The non-invasive “spit test” could be a key tool in efforts to eradicate malaria, which kills a child every two minutes, says UF infectious diseases researcher Rhoel Dinglasan. The study on the test was published today in Science Translational Medicine.
Currently, clinicians test for malaria using a blood test, but the test has drawbacks that reduce its effectiveness. The test requires skin pricks that often are stressful for children and their parents. Blood tests often are less reliable because subclinical infections with the parasites that cause malaria can be missed by such tests, leading some patients to come down with malaria although they believed they were malaria-free. The tests also require an infrastructure, such as mobile clinics and trained staff, and can lead to accidental exposure to blood for both patients and clinic workers.
By contrast, the saliva test requires only spitting into a tube, and the test can be administered outside a clinical setting, ideally in schools or community centers, Dinglasan says. Early detection can lead to early treatment and the prevention of disease and further transmission of malaria.
“What if we can identify a child before they get sick because there’s something in their saliva,” Dinglasan says. “If we get to them earlier, they can be cured well before they get the disease.”
Early, subclinical detection of malaria is crucial to malaria eradication because individuals who carry the parasite without exhibiting symptoms are the reservoir that leads to infection of mosquitoes and transmission of the disease. Detecting the presence of the parasite before symptoms appear can save lives because malaria often erupts just days after the parasite can be detected.

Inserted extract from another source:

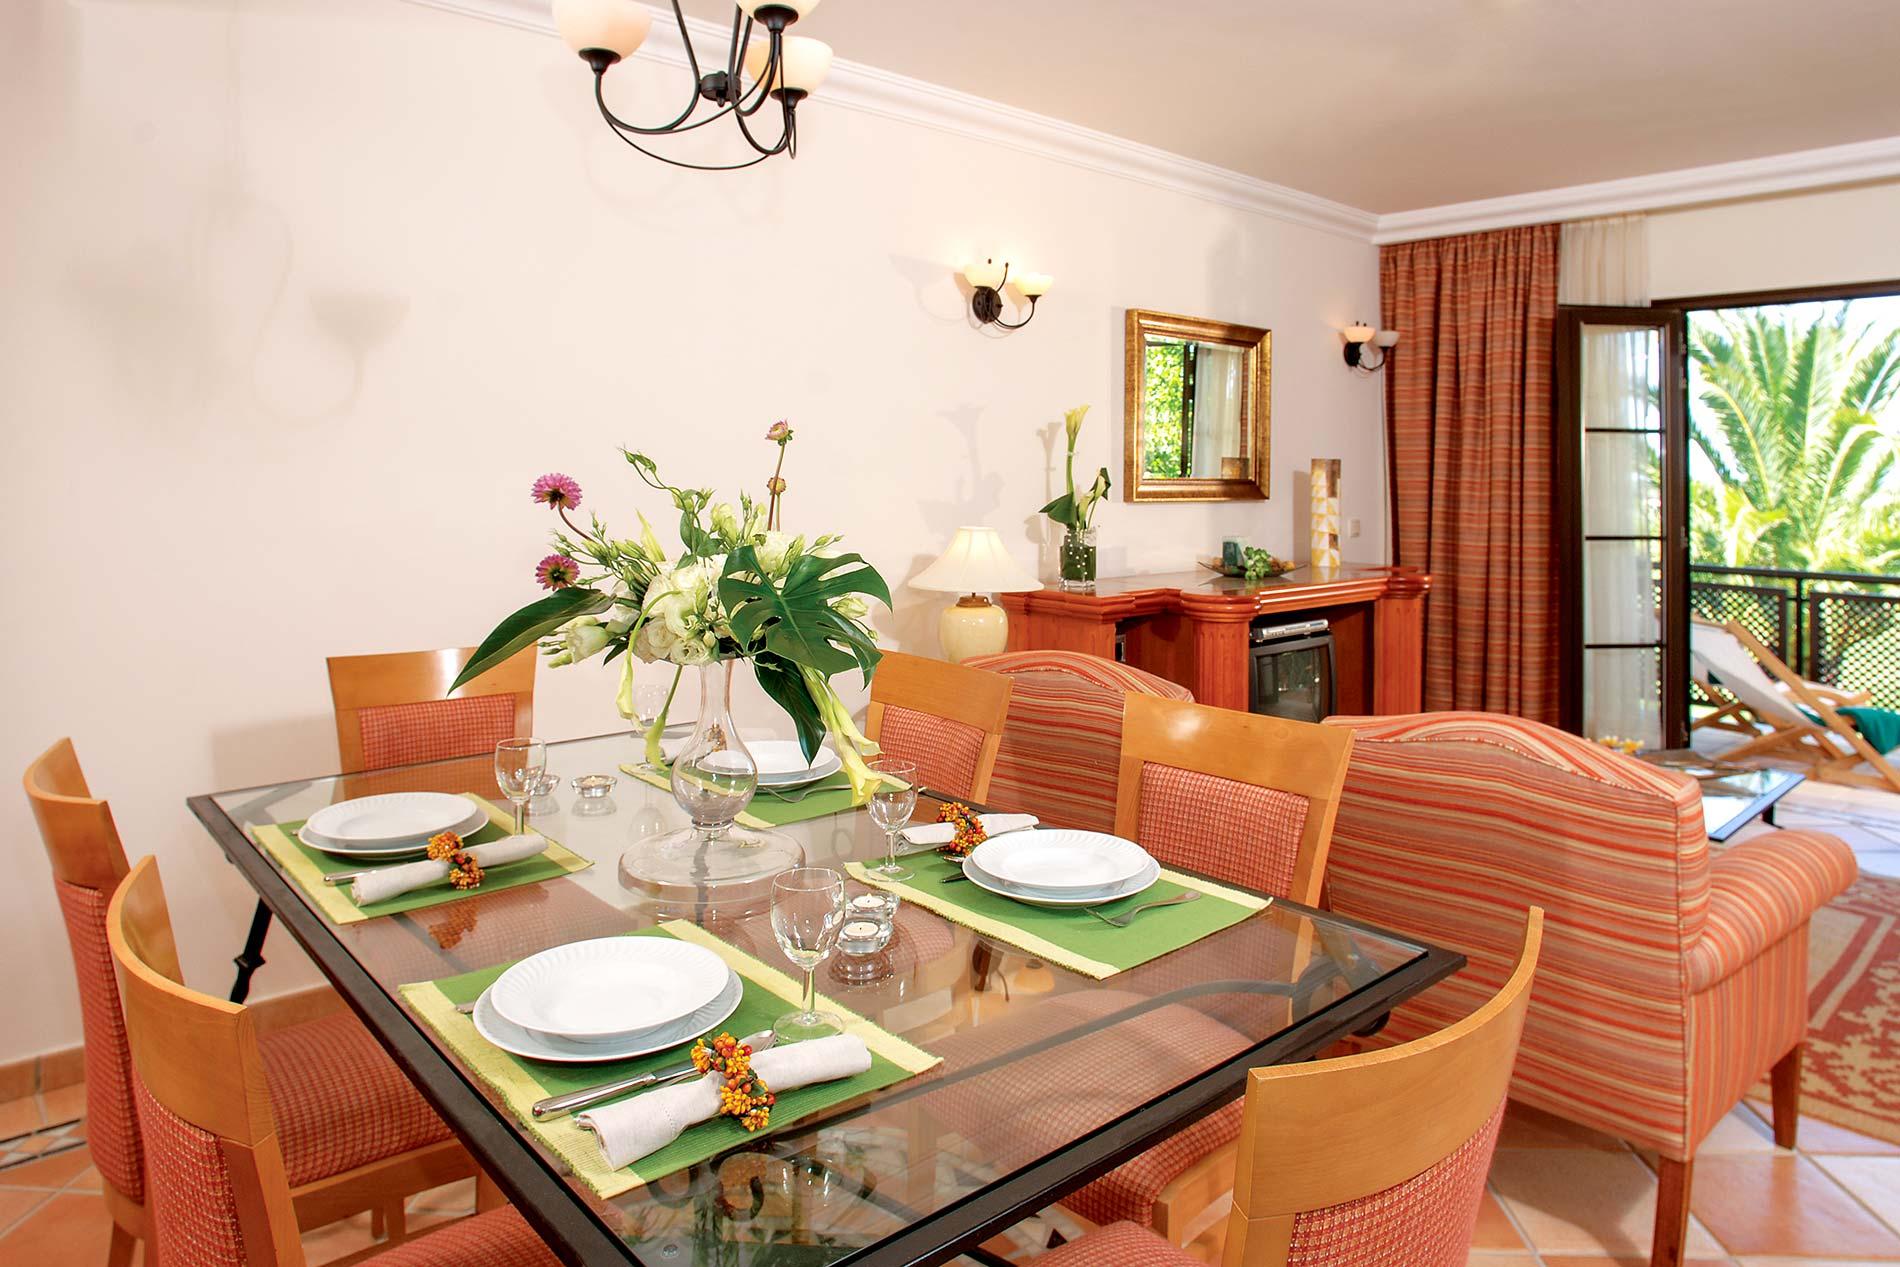 Apartment Pine Cliffs Golf Suite Penthouse in Pine Cliffs Resort - sleeps 6 people

The saliva test detects a novel biomarker for Plasmodium falciparum parasites. In some areas of the world, the parasites have acquired a mutation and are therefore no longer detected by the blood-based tests, Dinglasan says. But the saliva test detects an essential protein the parasite needs for survival, which should avoid the problem of mutation and keep the test effective long-term. The diagnostic test detects female parasites circulating in an infected human who is asymptomatic but is carrying the parasite and likely to come down with malaria within a week. The advantage of detecting females over males is that there are four times as many female parasites as males in an infected human.
Dinglasan began working on the test with funding from the Bill & Melinda Gates Foundation in 2014, while still at Johns Hopkins University, which has licensed the test. The research team includes 24 scientists, and the study was conducted with over 300 children in Cameroon, Zambia and Sierra Leone.

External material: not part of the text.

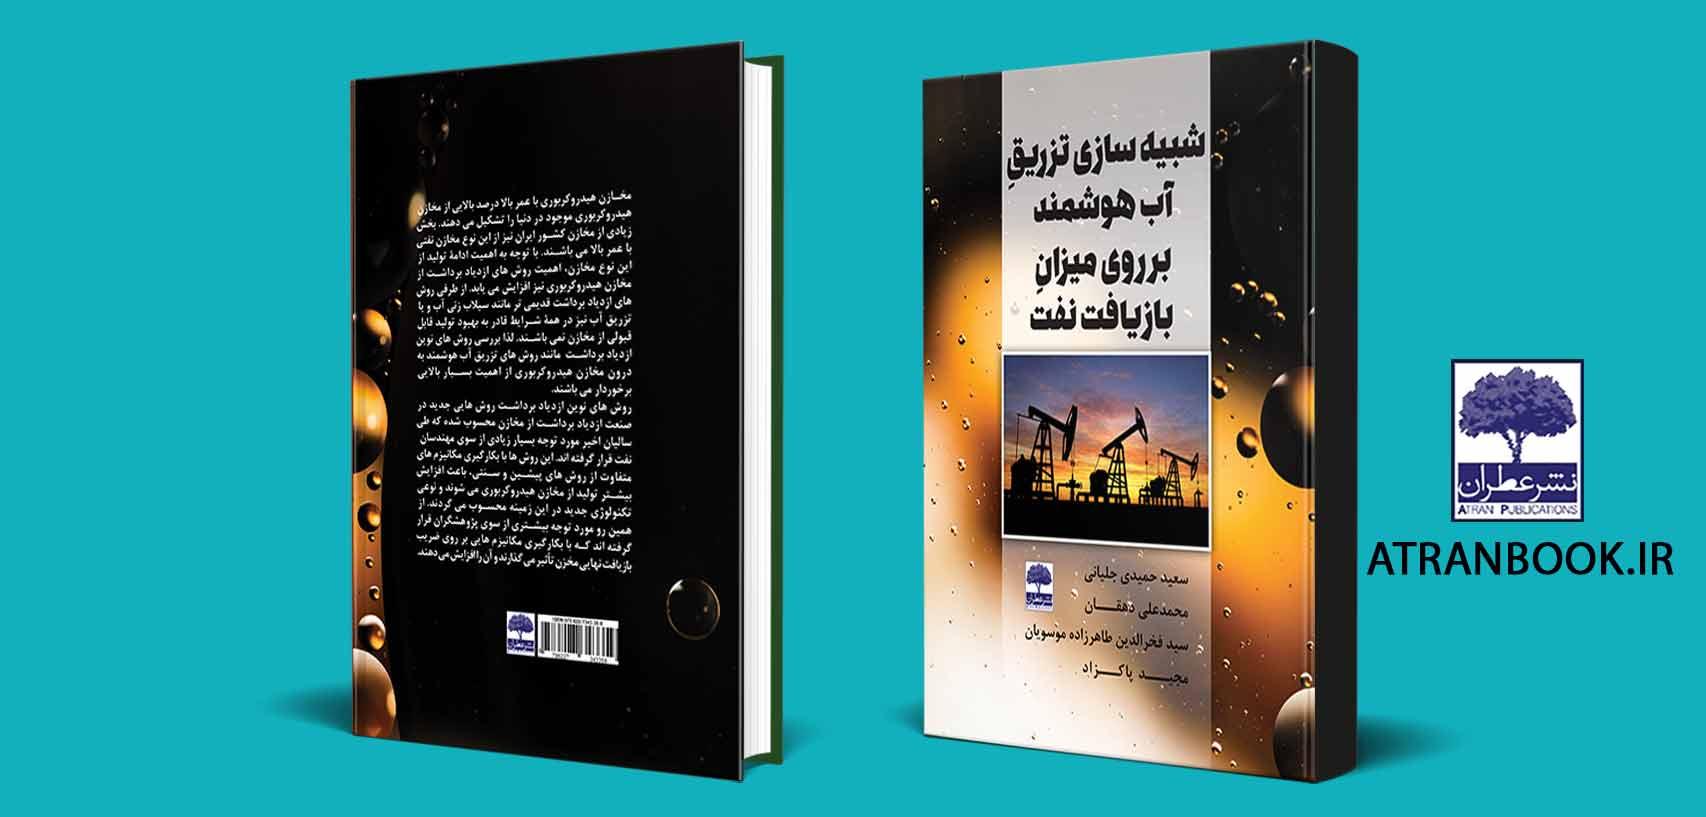 انتشارات عطران: کتاب

Malaria kills about 500,000 children each year, mostly under the age of 5 in Sub-Saharan Africa.
“We are trying to understand malaria transmission by working with people who are not yet sick because those are the people we miss in the clinic,” Dinglasan says. “Malaria is like a big iceberg that we’ve always chipped away at on top, above the water line. But it’s the bottom of the iceberg, this reservoir for transmission, that we don’t understand because it’s a population that, until now, we could not see.
“This test takes us below that water line, so we can see how big the reservoir is,” Dinglasan says.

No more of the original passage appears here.